Universities were urged to bolster staff support services this week after an inquest was told that an academic committed suicide after becoming unable to cope with the pressures of her job.
Kingston University is to conduct a review of its occupational health service for staff after an inquest heard how Diana Winstanley, a professor in the university's School of Human Resource management, hanged herself in her home in July shortly after complaining to her ex-husband about heavy workloads.
The university had received no indication that Professor Winstanley, who was an expert in work-related stress, was suffering as a result of her workload.
The tragic news comes as many universities are considering outsourcing confidential staff counselling services, which are seen as a vital lifeline for a growing number of academics suffering acute levels of stress.
David Berger, who chairs the Association for University and College Counselling and is head of counselling at Hull University where the service for staff is about to be outsourced, warned that outsourcing could in effect leave some staff with no support or outlet for their anxieties.
He said: "Although some staff may quite like it, others will find it virtually impossible to find the time to go to offices outside the university within normal working hours."
Mr Berger said there was anecdotal evidence that both work-related stress and mental ill-health were on the rise among academic staff.
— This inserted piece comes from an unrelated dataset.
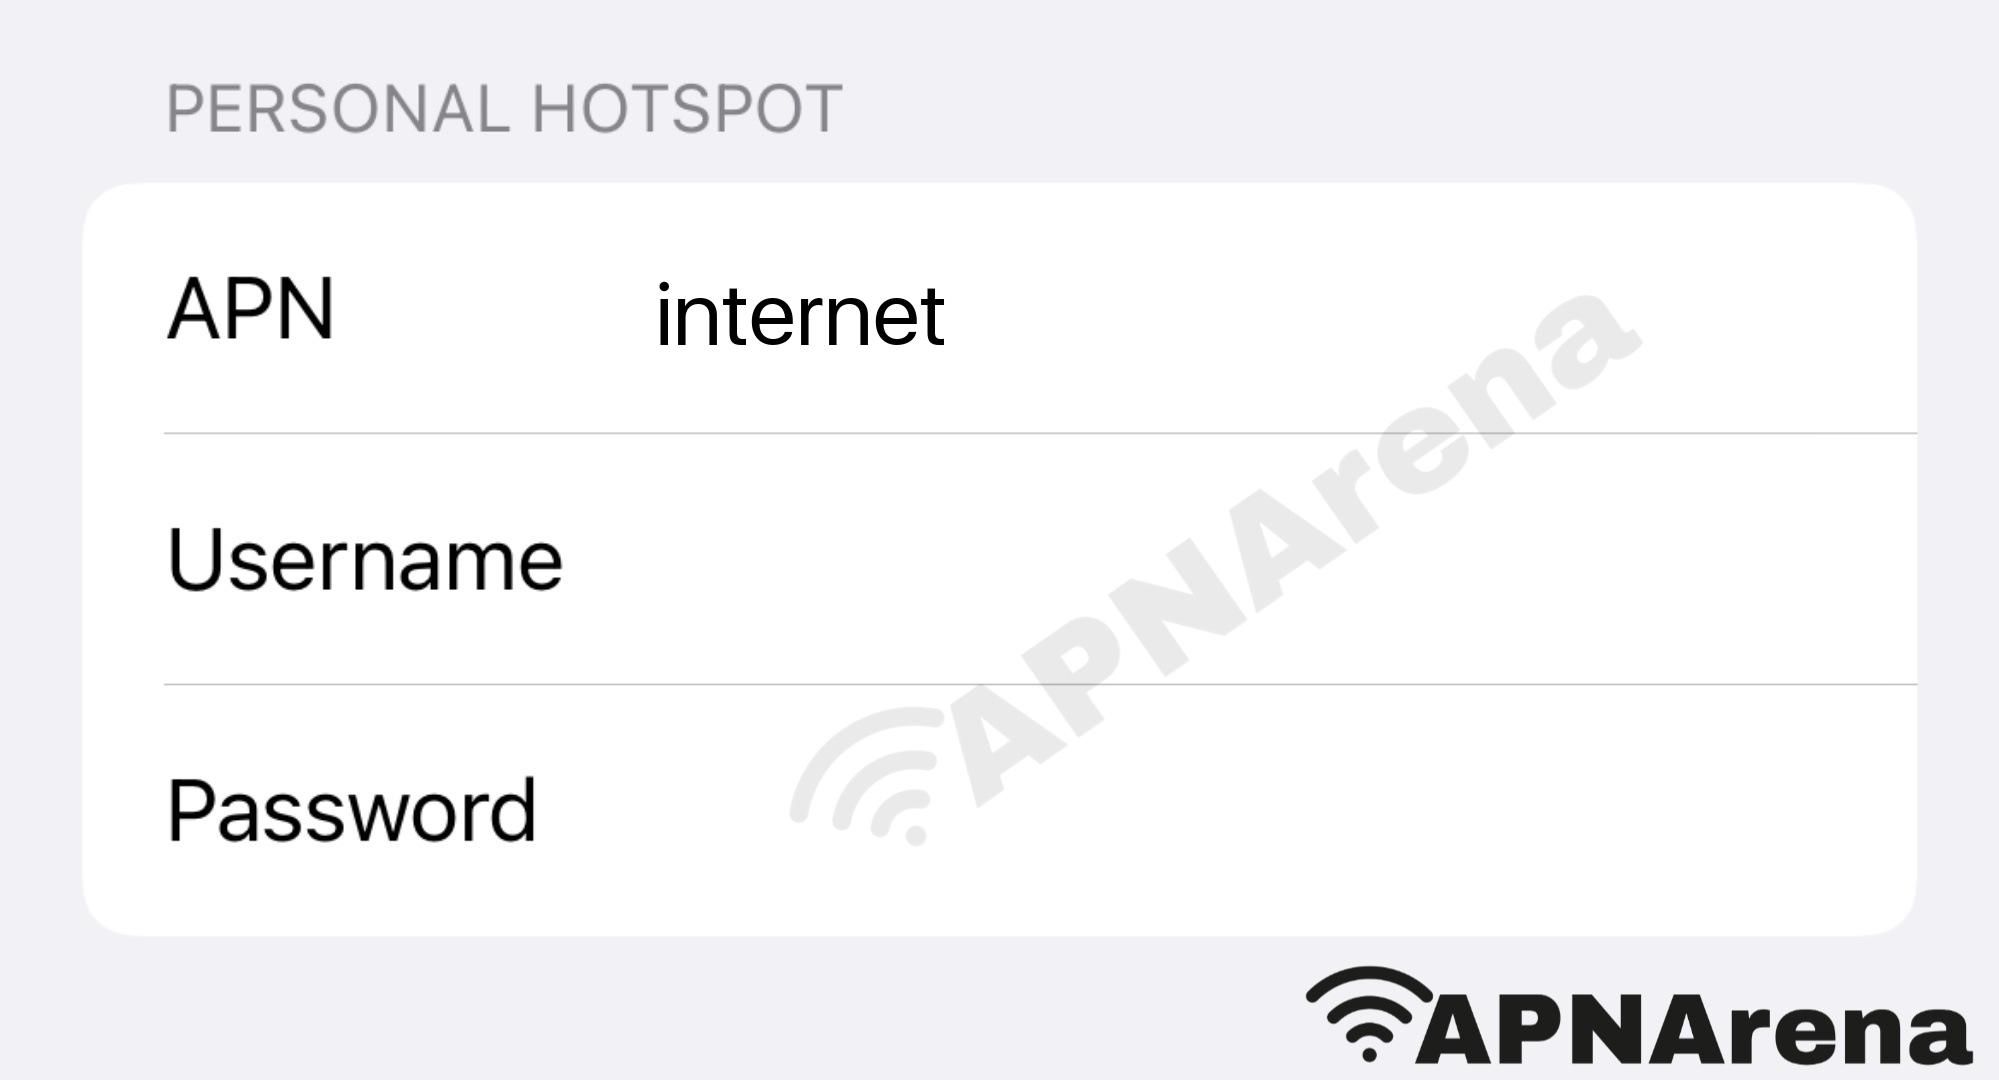 Seawolf Wireless Personal Hotspot Settings for iPhone

The AUCC is taking steps to plot the trend.
Sally Hunt, joint general secretary of the University and College Union, commented: "Our stress survey indicated borderline levels of psychological distress among staff. Employers must take action to reduce workloads and tackle the causes of occupational stress in the sector."
David Miles, Kingston's pro vice-chancellor for external affairs, told The Times Higher that the institution was preparing to review its staff support systems in the light of the tragedy.
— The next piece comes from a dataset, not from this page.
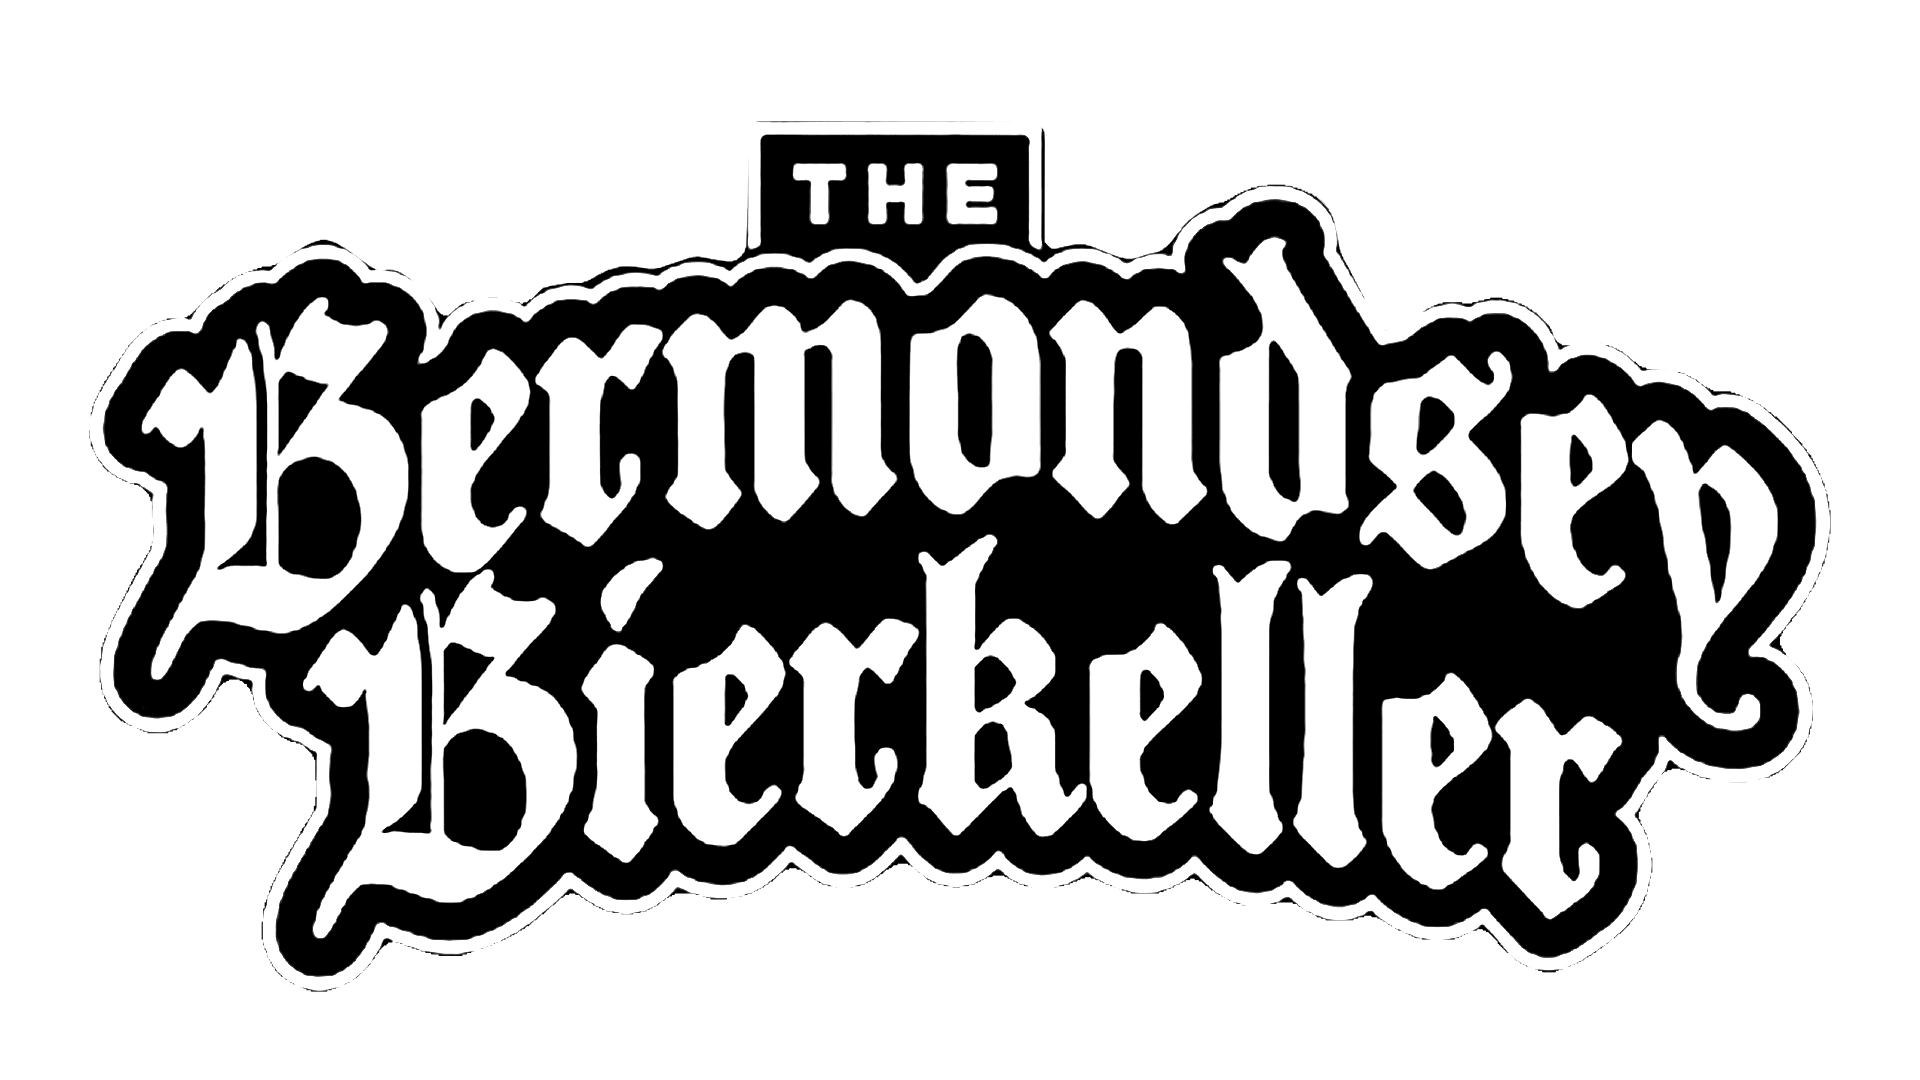 Bermondsey-Bierkeller-logo

Professor Miles said that higher education was "an area where people are expected to deliver high standards under pressured circumstances, and this is becoming increasingly so".
"There is a sense of profound shock here over Di's death. In the preceding weeks, to most people who met her she seemed to be her usual positive self," he said. "There was no indication she was suffering a level of stress that might have contributed to her death."
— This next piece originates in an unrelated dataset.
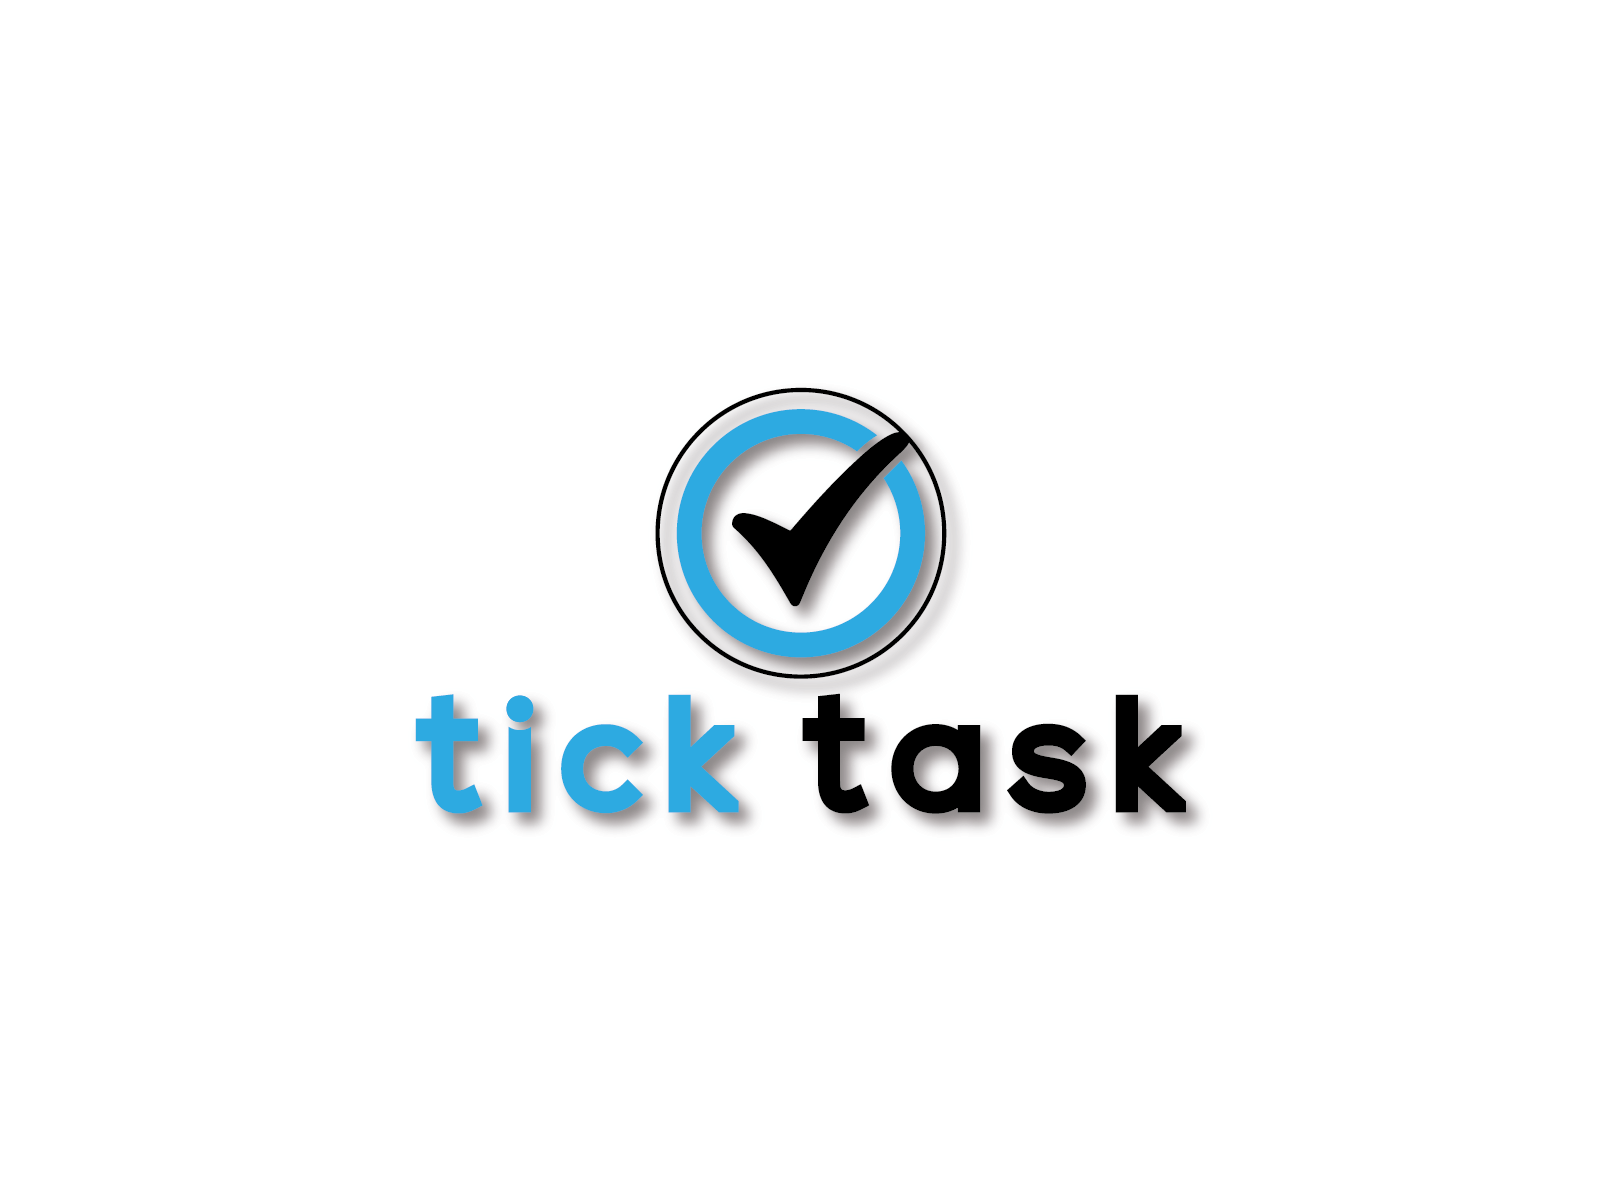 Task manager png images | PNGEgg

Professor Miles said that the university offered confidential counselling to its staff through its occupational health service and that it had recently revised its stress management policy.
Evidence submitted to the recent inquest, held at West Sussex Coroner's Court, suggested that Professor Winstanley was struggling in her job, which involved some overseas travel and grappling with challenges involving computer technology.
Professor Winstanley's former husband, Nicholas Jarrett, told the inquest that work had been the main cause of his ex-wife's anxiety shortly before her death.
Speaking to The Times Higher later, he said: "I have no doubt at all from the things that she said to me that she was under huge stress at work, and that she was finding it increasingly difficult to cope with the demands that were placed on her.
"I believe from what she said that she had inadequate administrative and technical support."
Christine Edwards, a colleague at Kingston and a long-standing friend of Professor Winstanley, said: "No one would have been more aware of the support available at the university than Diana.
"As far as we are aware, she had not set in motion any of the procedures within the university's human resources policies or accessed any of the support services open to her."